Carlos Amado, père de Clara Amado, victime du crash du vol Rio-Paris survenu le 1er juin 2009, est décédé le 3 septembre 2026 à l'âge de 81 ans, des suites d'une longue maladie. L'information a été confirmée par son avocat, Me Jean-Claude Guidicelli, qui l'a accompagné tout au long de la procédure judiciaire. Ce décès survient alors que les sociétés Airbus et Air France ont été condamnées en mai 2026 pour « homicides involontaires », au terme d'une procédure fleuve de dix-sept ans.
Un combat acharné jusqu'au bout
« Il a mené une lutte acharnée, il a fermé les yeux avec l'épilogue judiciaire de cette catastrophe », a réagi Me Guidicelli, joint par Var-Matin. L'avocat toulonnais a souligné que Carlos Amado emportait avec lui la satisfaction de voir les deux fleurons de l'aéronautique française reconnus coupables. « M. Amado emporte cette condamnation au paradis… », a-t-il ajouté.
Carlos Amado, Varois d'adoption, s'était confié à Var-Matin en octobre 2022 sur les circonstances de la mort de sa fille, âgée de 32 ans : « C'est quelque chose qui a changé ma vie. C'est vraiment très dur. Ça a pris des années pour essayer de m'en sortir. Bien sûr on n'en sort jamais, mais il faut bien vivre, j'ai des enfants, des petits-enfants… » Il s'était retiré en Occitanie, où il est décédé.

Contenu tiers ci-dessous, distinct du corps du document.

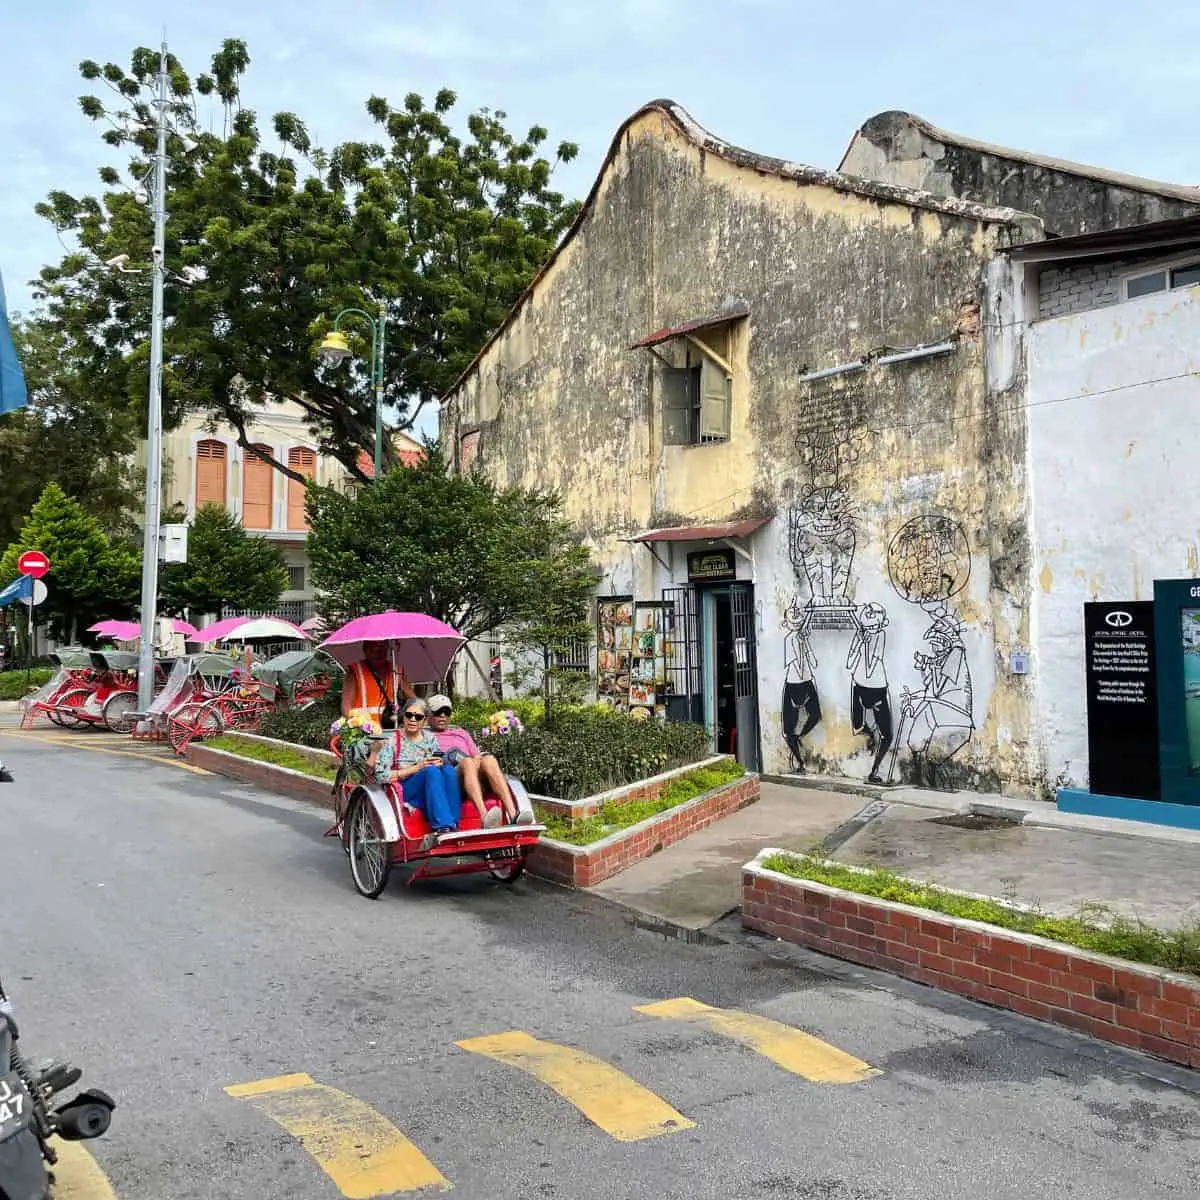 Trishaw ride to while seeing street art in best area to stay in George town Penang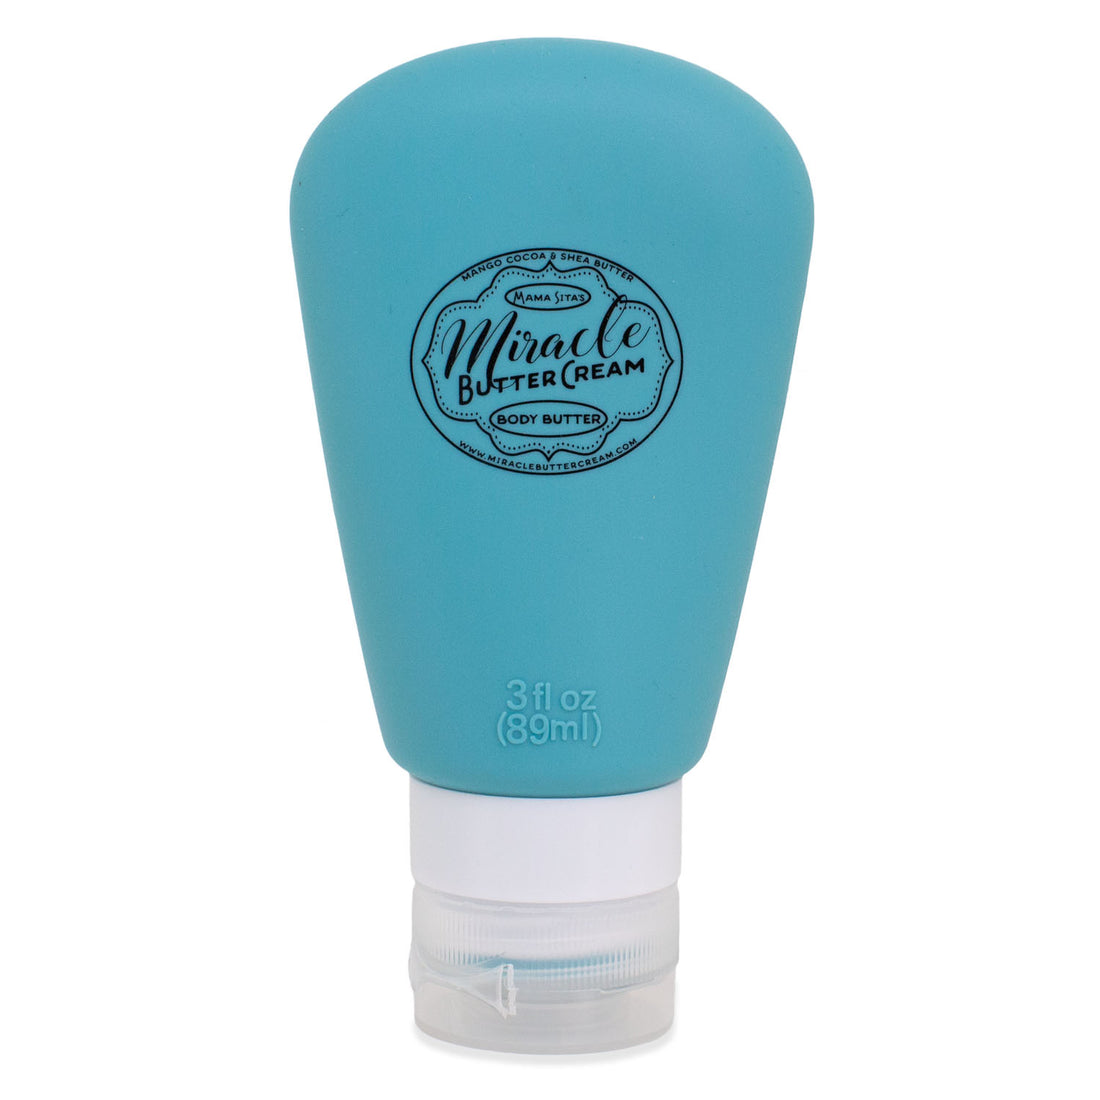 Miracle Butter Cream Squeeze Tube 3oz turquoise, miraclebuttercream.com

Une procédure judiciaire historique
Le crash du vol Rio-Paris, le plus meurtrier de l'histoire d'Air France, avait entraîné la mort des 228 personnes présentes à bord de l'appareil, qui s'est abîmé dans l'océan Atlantique. Des défaillances techniques avaient été mises en évidence lors de l'enquête.
Le 21 mai 2026, Airbus et Air France ont été condamnés en appel à 225 000 euros d'amende pour « homicides involontaires ». Les deux entreprises ont annoncé un pourvoi en cassation, laissant la procédure pénale potentiellement ouverte.
Une affaire pas tout à fait close
Sur le plan civil, une audience doit encore se tenir devant la cour d'appel d'Aix-en-Provence pour examiner les conditions de l'indemnisation de la famille de Clara Amado. Me Guidicelli, qui avait obtenu une décision favorable dès 2010 devant la commission d'indemnisation des victimes d'infractions du tribunal judiciaire de Toulon, précise que cette procédure restait suspendue à l'issue du procès pénal. La disparition de Carlos Amado ne clôt toutefois pas ce volet, les ayants droit pouvant poursuivre la demande d'indemnisation.